Сарды и сердаи. Ни один из античных авторов не сообщает о переселении тирренов Сардинии в Италию или вообще о каком-либо перемещении обитателей этого острова на континент. Для установления этого факта нам предстоит обратиться к лингвистике и археологии. Но прежде мы остановимся на одном свидетельстве Феста: «Цари этрусков, которые назывались сардами...» [Fest., с. 430, 6]. Это непонятное и не имеющее параллелей в античной традиции утверждение может быть связано с обнаруженной в 1960 году в Олимпии надписью [SGRW, № 120], которая полностью сохранилась. Чтение и понимание ее не встречает никаких препятствий:
Принесли клятву сибариты с союзниками и сердаи о
дружбе верной, без обмана. Поручители (proxenoi) Зевс,
Аполлон и другие боги и полис Посидония.
Перед нами наиболее древний официальный документ греческого государства в Италии, датируемый временем, предшествующим разрушению Сибариса в 510 г. до н. э. Значение его тем более велико, что он относится к великому и рано исчезнувшему греческому городу, историю которого можно изучить лишь по сообщениям поздних авторов. Под «союзниками» Сибариса следует понимать племена и города Южной Италии, над которыми властвовал Сибарис: согласно Страбону, в зависимости от Сибариса находились четыре племени и 25 городов, позволявшие ему выставлять армию в 300 тыс. человек {Strab. VI, 1, 13]. Упоминание «полиса Посидония» в качестве гаранта договора — важное указание на то, что этот город, в свое время основанный сибаритами [Strab. V, 4, 13], к моменту заключения договора был совершенно независимым от своей метрополии, хотя и сохранял с нею дружеские отношения.

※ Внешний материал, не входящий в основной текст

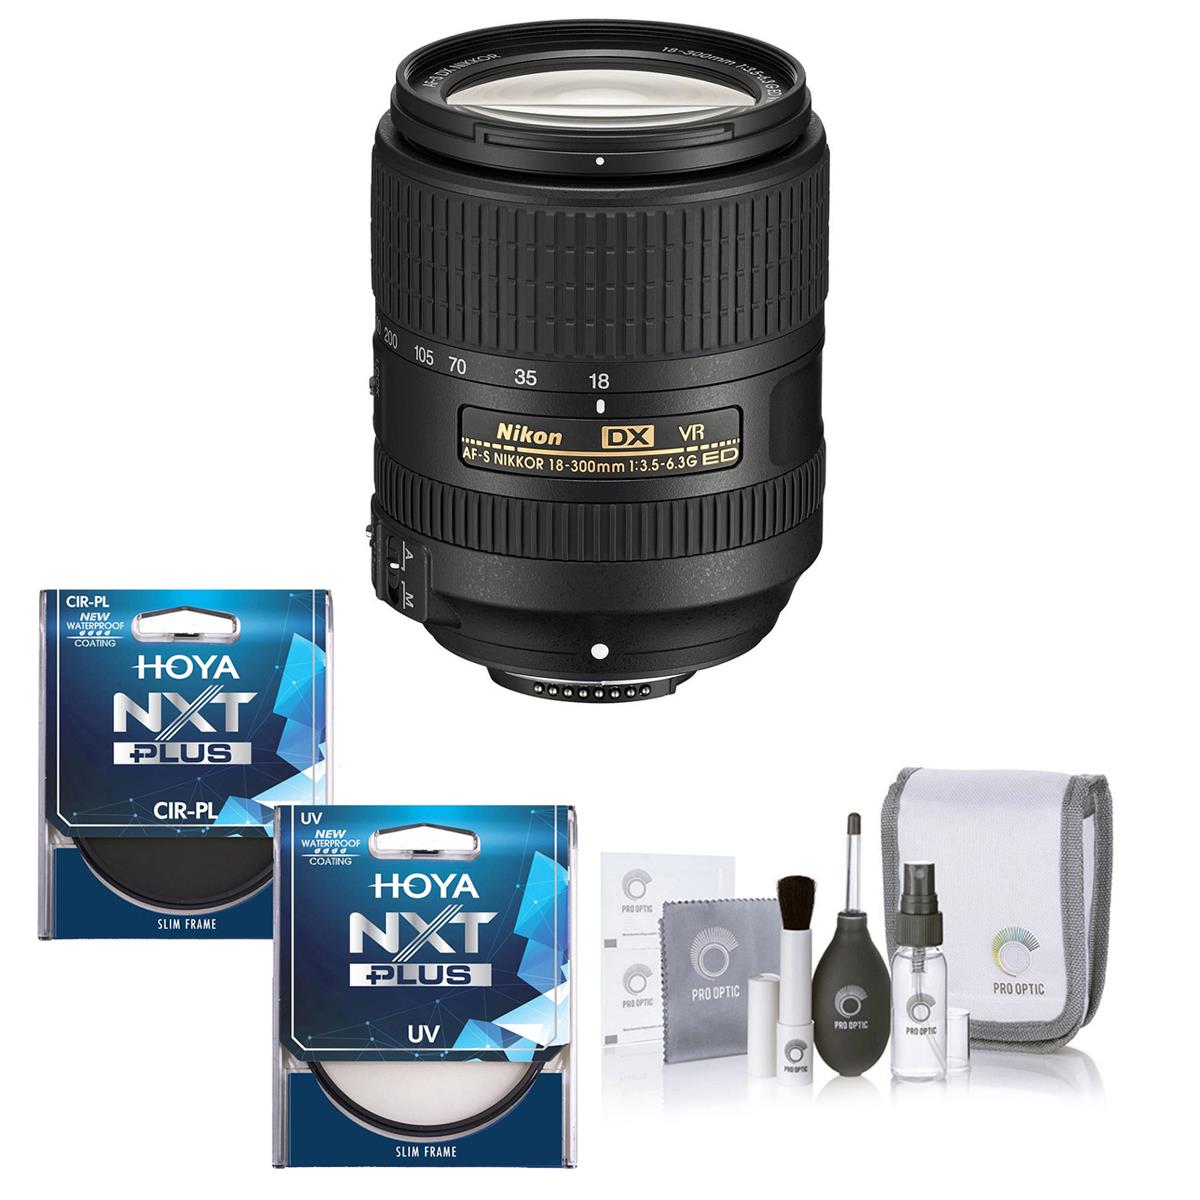 

Nikon 18-300mm f/3.5-6.3G ED IF AF-S DX NIKKOR VR Lens w/67mm CPL+UV Filter Kit

Сложность в надписи вызывает лишь идентификация, народа или государства, который фигурирует под названием «сердаи». Издатель договора Э. Кунце отождествил сердаев с неизвестным литературной традиции городом Бруттия, выпускавшим дидрахму с легендой MER, которую при желании можно читать и SER[245, с. 209].
К этой гипотезе большинство исследователей отнеслись критически. Так, П. Дзанкани-Монтуоро обратила внимание на то, что редчайшие монеты с легендой MER находят близкие аналогии с типом монет сицилийского города Наксоса и поэто-
[55]
му не имеют отношения к Италии, где Э. Купце помещает сердаев [379, с. 12]. Итальянская исследовательница считает невероятным, чтобы Сибарис, находившийся незадолго до своего разрушения на вершине могущества, заключил соглашение на равных правах с городом настолько незначительным, что от него не осталось никаких следов ни в античной традиции, ни в топонимике, а также и в нумизматике, ибо монета с легендой MER не может быть отнесен к греческому городу в Италии.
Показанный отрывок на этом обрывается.